GIVEN DATA:
:::
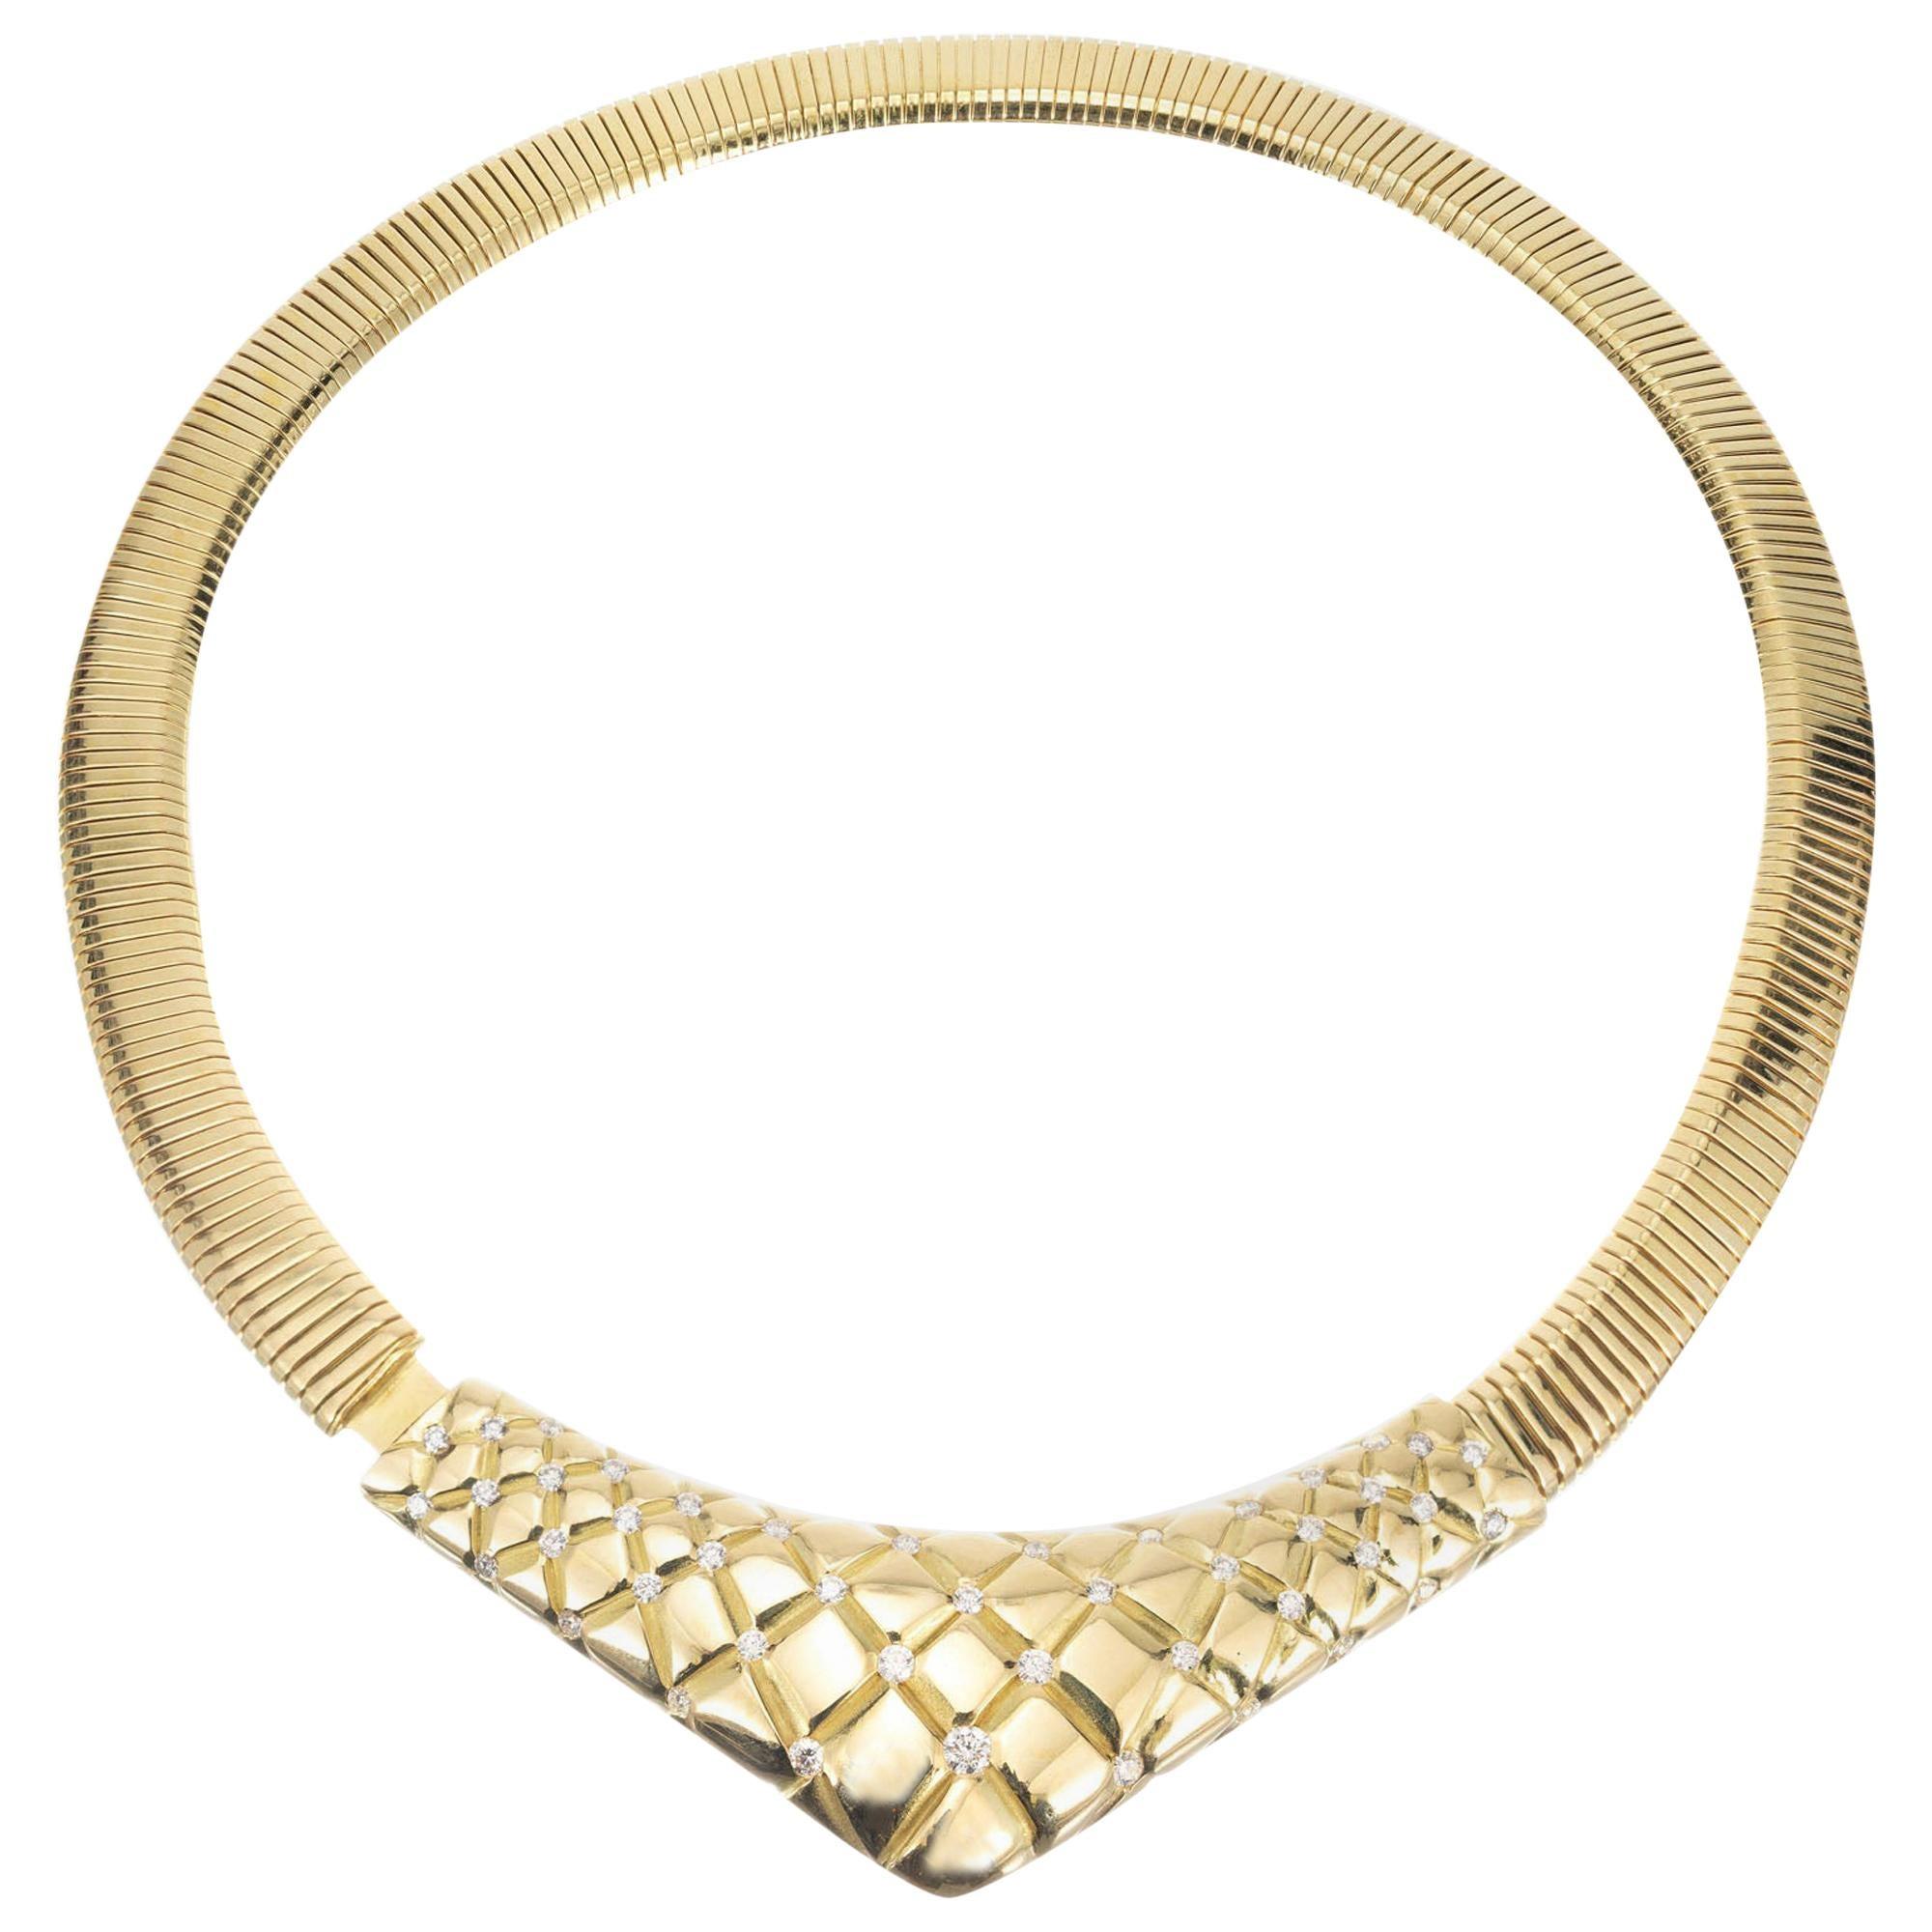 Gucci 1.45 Carat Diamond Yellow Gold Accordion Necklace
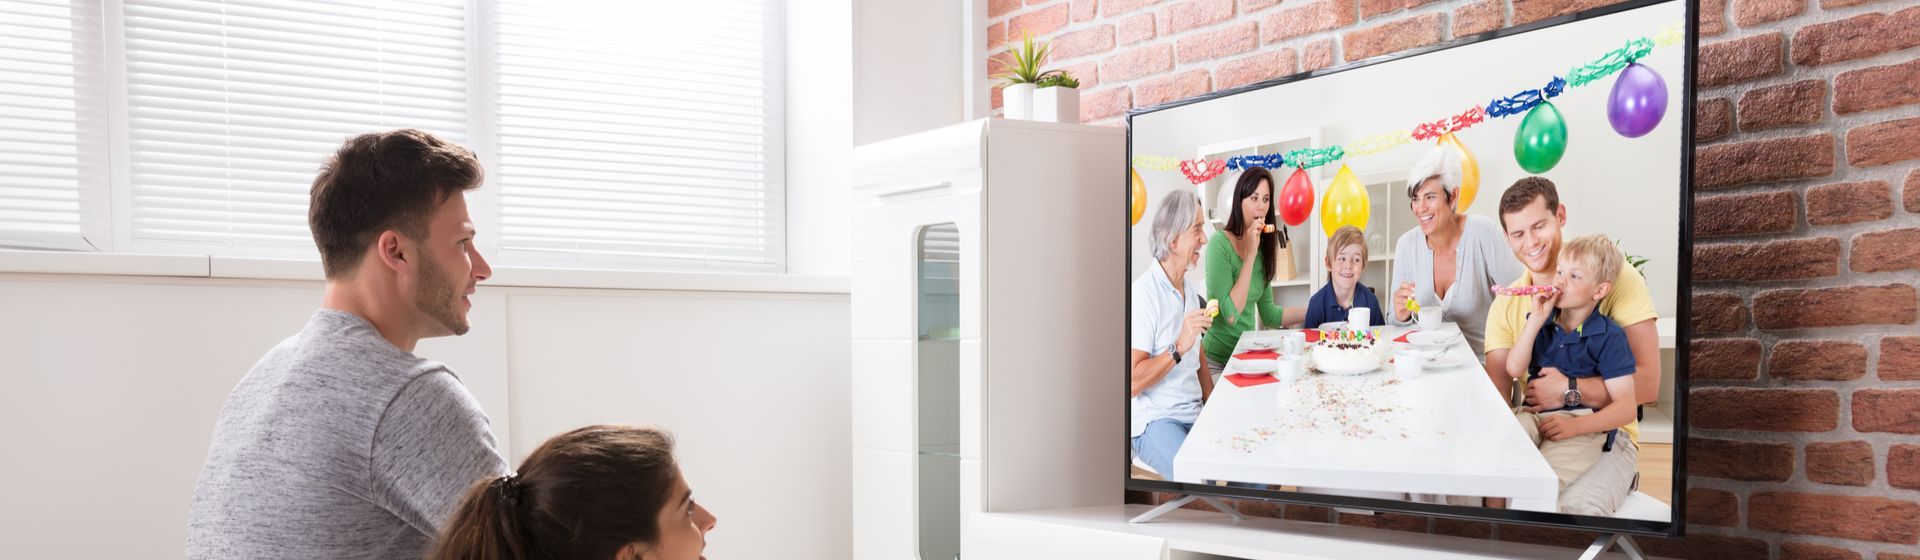 Como medir polegadas da TV?
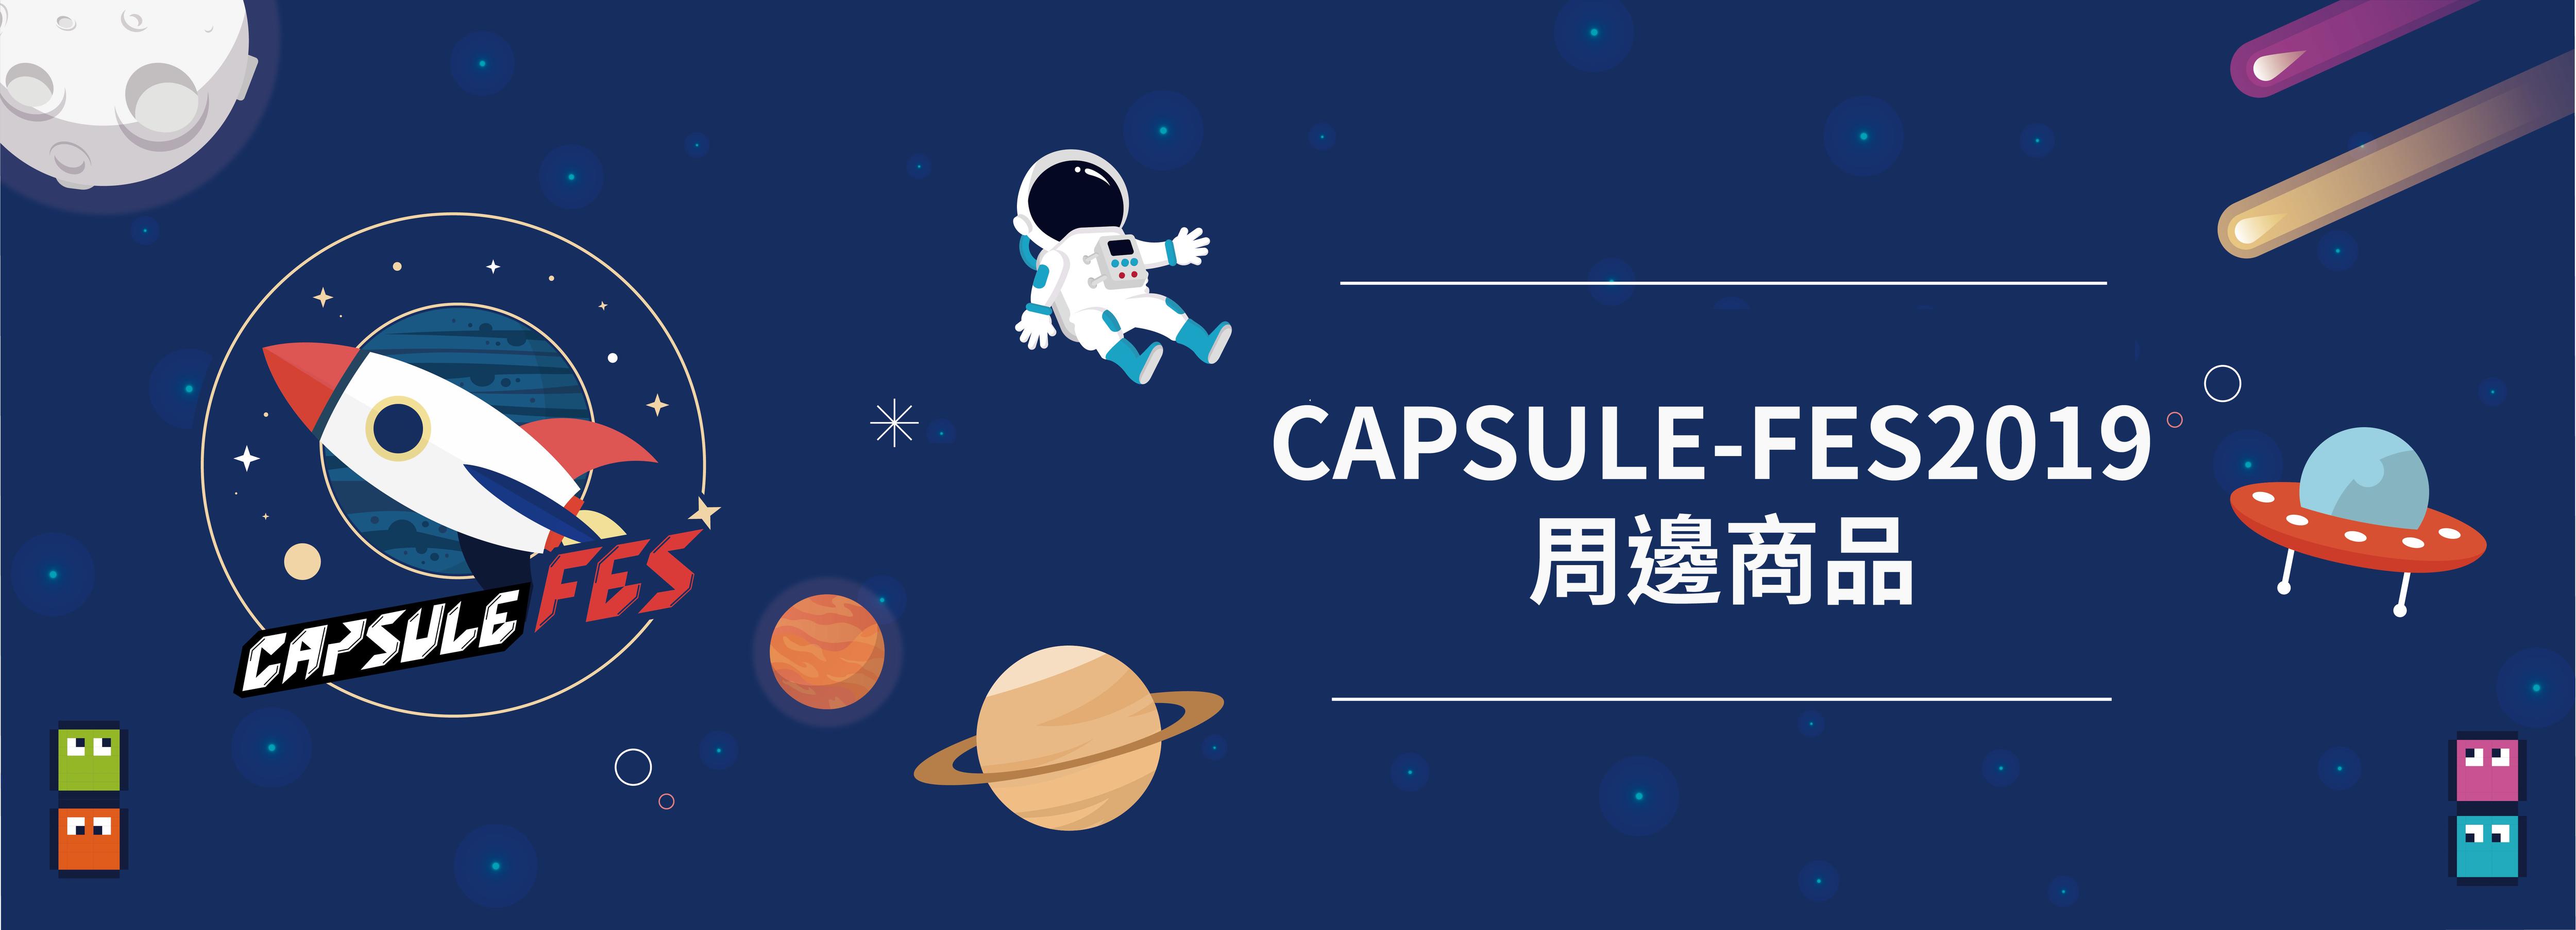 CAPSULE-FES2019
:::
WHAT YOU HAVE TO DO: Please retype the material above exactly, and omit its images.

EXPECTED OUTPUT:
 Gucci 1.45 Carat Diamond Yellow Gold Accordion Necklace
 Como medir polegadas da TV?
 CAPSULE-FES2019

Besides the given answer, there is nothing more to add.